Doch diese hektische Geschäftigkeit wird nicht dazu führen, dass die EU der Türkei sobald eine klare Beitrittsperspektive bietet. Das betonte die deutsche Bundeskanzlerin Angela Merkel nach dem Gipfeltreffen: „Die Beitrittsverhandlungen mit der Türkei werden weiterhin ergebnisoffen geführt.“ Aus Sicht Davutoglus wäre dies sogar genug. Denn er will die Visafreiheit und die Eröffnung neuer Verhandlungskapitel vor allem innenpolitisch ausschlachten. Türkische Politiker wissen genau, dass ihr Land der EU derzeit nicht beitreten kann.

Das liegt nicht daran, dass die türkische Regierung führende Journalisten wegen angeblicher Spionage vor Gericht stellt, weil sie türkische Waffenlieferungen nach Syrien dokumentieren oder Zeitungen und Agenturen unter Aufsicht stellt, weil sie angeblich den Terror unterstützen. Das kann ihnen kaum zum Vorwurf gemacht werden, wenn doch selbst EU-Staaten, wie Polen oder Ungarn, mit neuen Gesetzen die Demokratie untergraben. In der Türkei ist im Vergleich wenigstens die Gesetzeslage demokratischer.

Während sich die europäische Öffentlichkeit auf die Flüchtlingskrise konzentriert und den Gipfel in Brüssel lediglich aus dieser Perspektive betrachtet, setzt Ankara die EU in einem ganz anderen Gebiet enorm unter Druck: Unter den Bedingungen, die die Türkei in Brüssel stellte, befindet sich ein Punkt, der kaum Beachtung findet, aber außenpolitisch ungemein wichtig ist. „Zusammenarbeit mit der Türkei, um die humanitären Bedingungen in Syrien zu verbessern. Ziel ist es, dass die lokale Bevölkerung und Flüchtlinge in einigermaßen sicheren Gebieten leben können“, heißt es in der offiziellen Gipfel-Erklärung der EU. Damit sind „Sicherheitszonen auf syrischem Boden“ gemeint. Eine langjährige Forderung der islamistischen Regierung in Ankara. Für Staatspräsident Recep Tayyip Erdogan, der in der Türkei die eigentliche Macht hat, ist die Durchsetzung türkischer Interessen in Syrien wichtiger als ein EU-Beitritt. Damit hofft er zum einen seine eigene Stellung in der Türkei zu festigen. Zum anderen glaubt er, könne er sp eine führende Rolle in der Region einnehmen, sollten islamistische Gruppen mit Unterstützung der Türkei in Syrien an die Macht kommen.

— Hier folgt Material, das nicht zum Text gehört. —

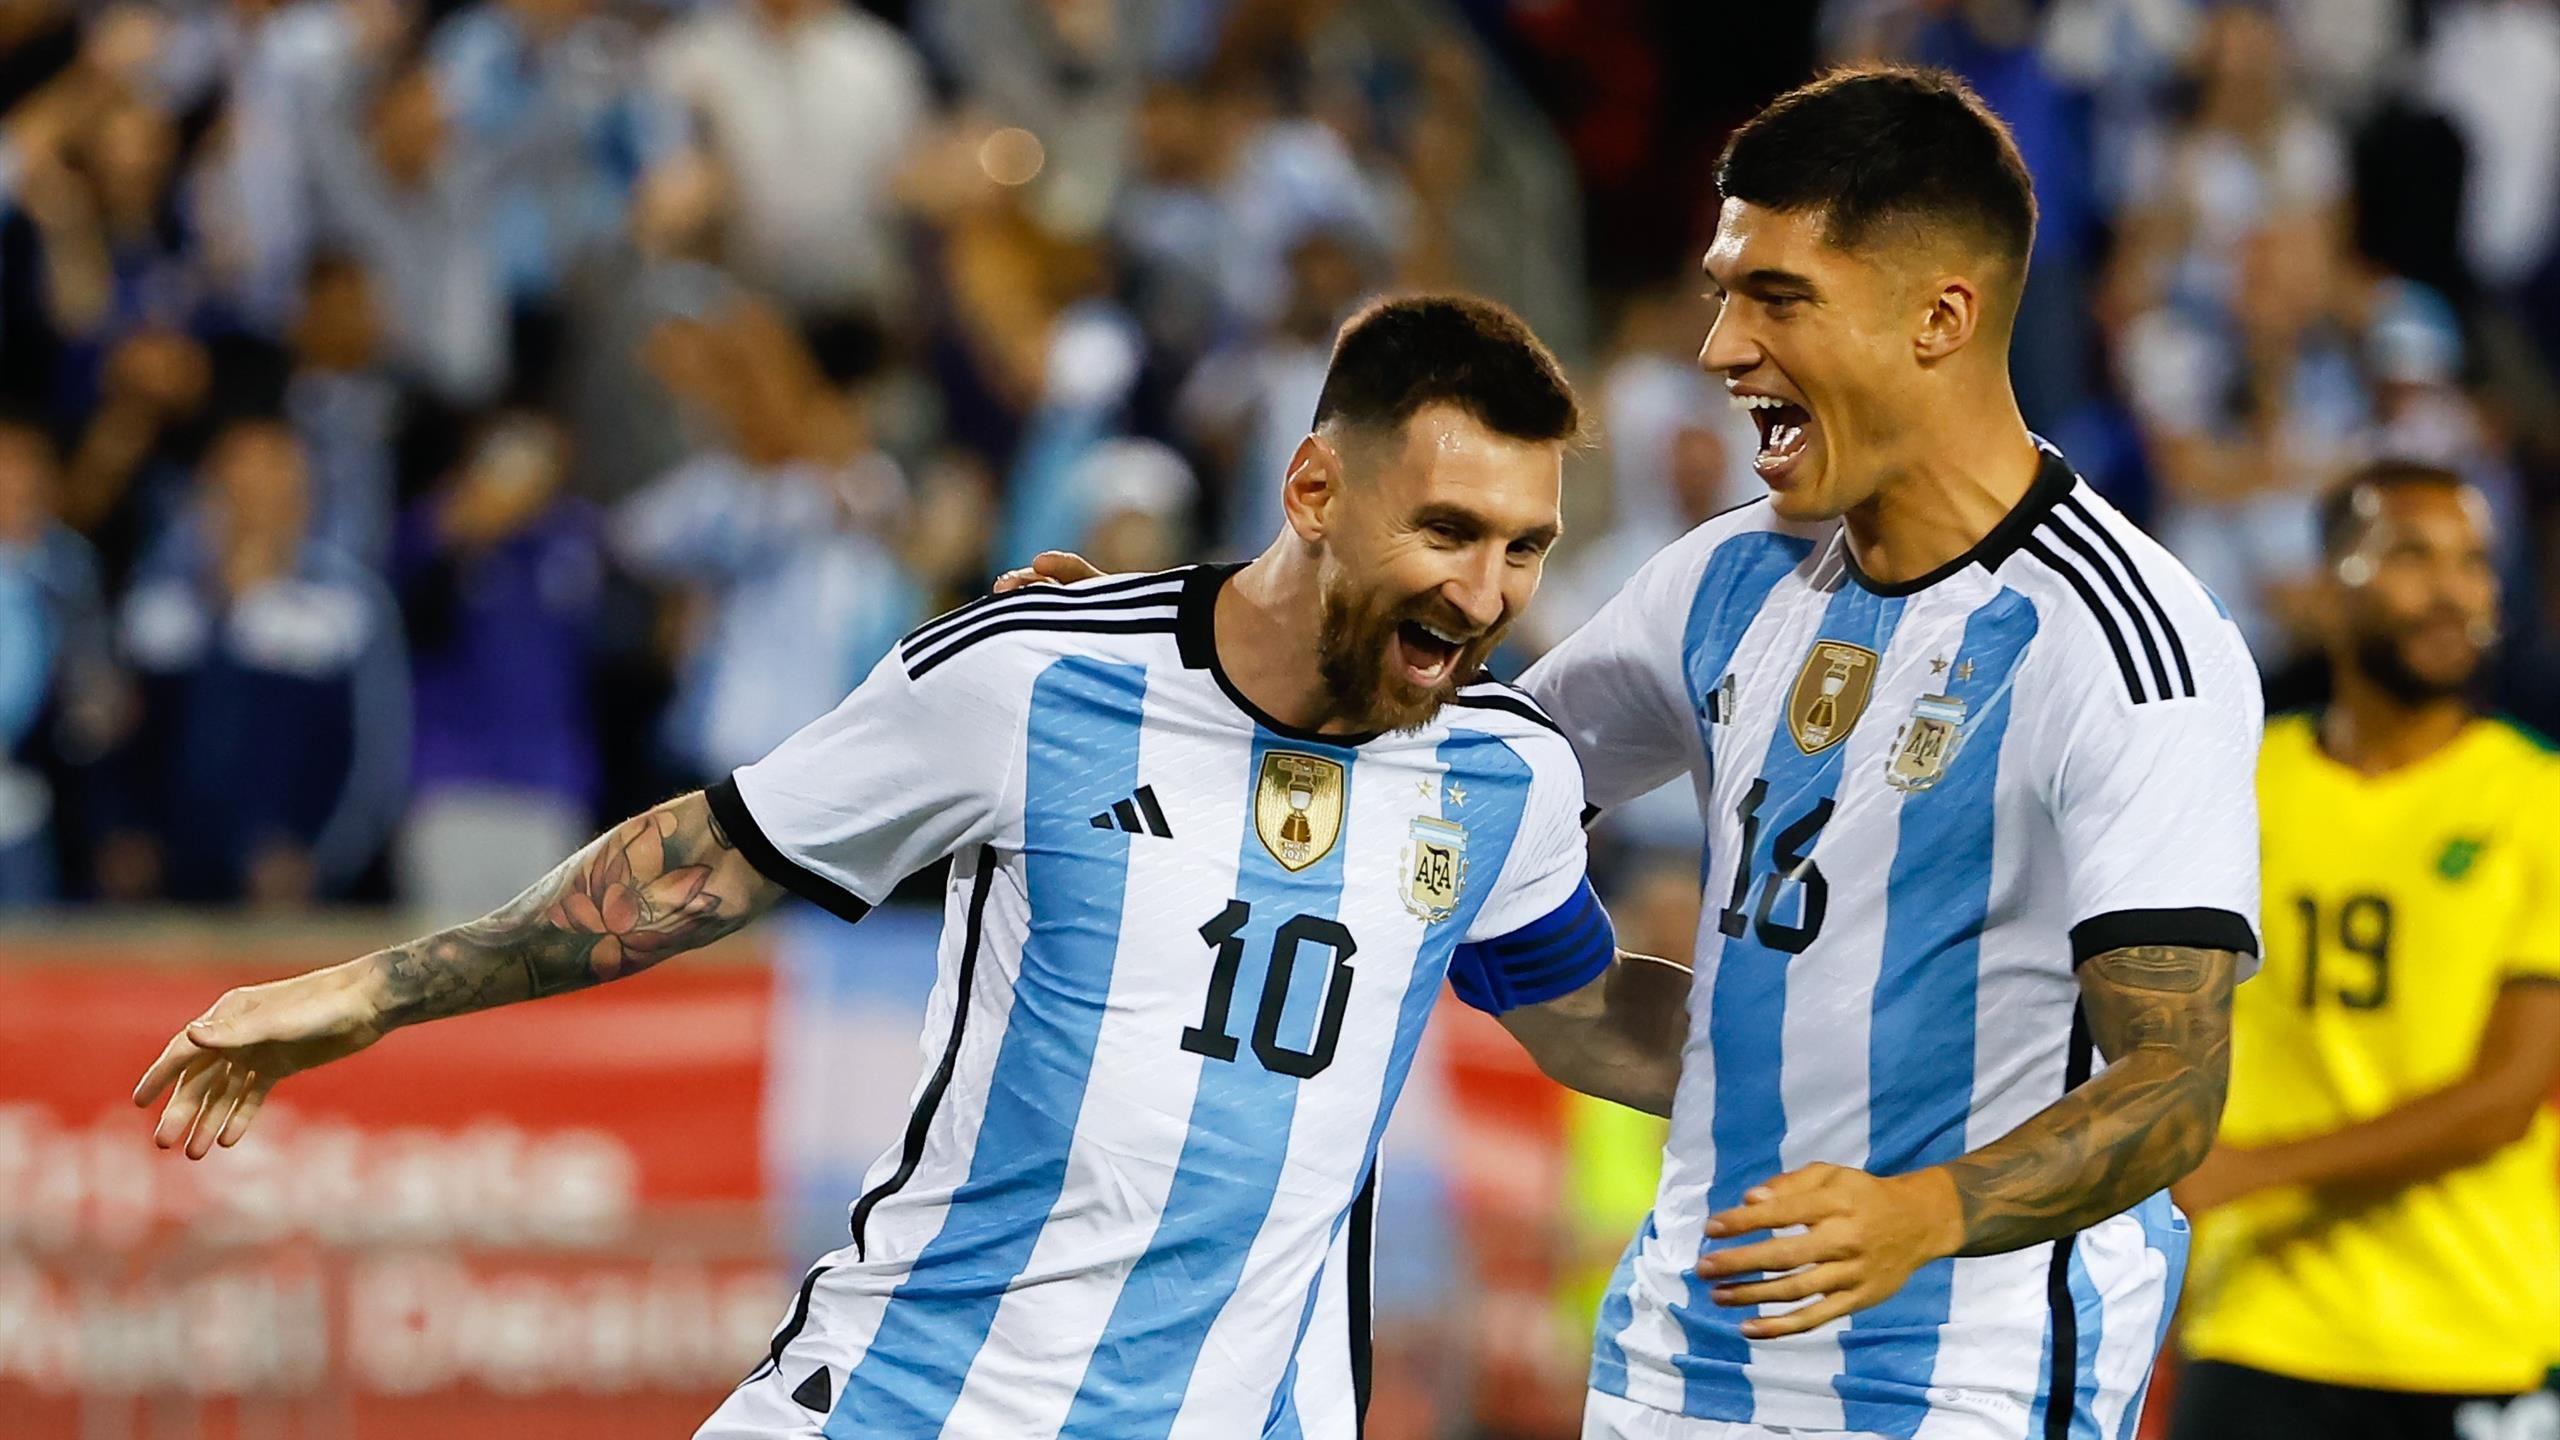 Salir chocar Dato VÍDEO | El anuncio de la Selección Argentina para el Mundial que se ha  hecho viral - Eurosport

Sicherheitszonen würden der Türkei, trotz der inzwischen erreichten Waffenpause, was Ankara ohnehin nicht schmeckt, ermöglichen, sich endlich direkt in den Konflikt in Syrien einzubringen. Denn solche Zonen bedürfen der militärischen Sicherheit, die nur mit Bodentruppen und Flugverbotszonen zu haben wäre. Deshalb hat Davutoglu gleich nach dem Gipfel in einem Interview mit CNN-Moderatorin Christiane Amanpour bekanntgegeben, dass sein Land mit internationaler Rückendeckung bereit wäre, Bodentruppen nach Syrien zu entsenden.

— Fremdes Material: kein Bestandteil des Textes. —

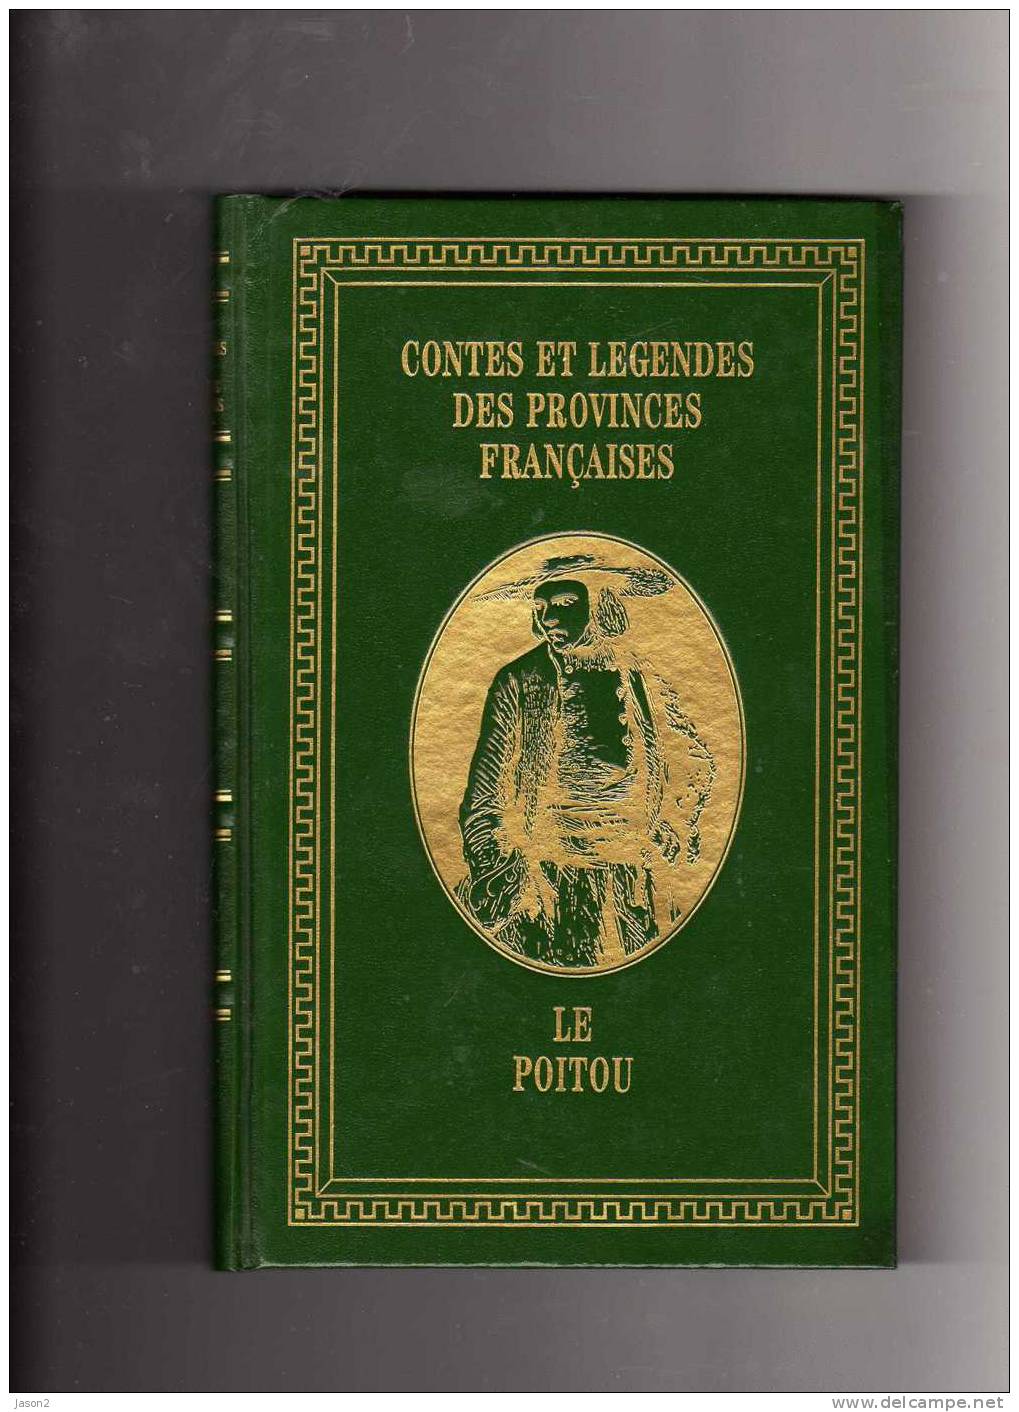 Livre Contes Et Legendes Des Provinces Francaises ( Le Poitou) Par Leon Pineau  1996 - Poitou-Charentes

Ein gefährlicher Plan. Denn der syrische Despot Baschar Assad und seine russischen Verbündeten würden diesen Schritt niemals akzeptieren. Wenn die EU sich in dieser Frage instrumentalisieren lässt, nur um die eigene Last in der Flüchtlingskrise zu erleichtern, würde sie eine neue und größere Konfrontation mit Moskau auslösen.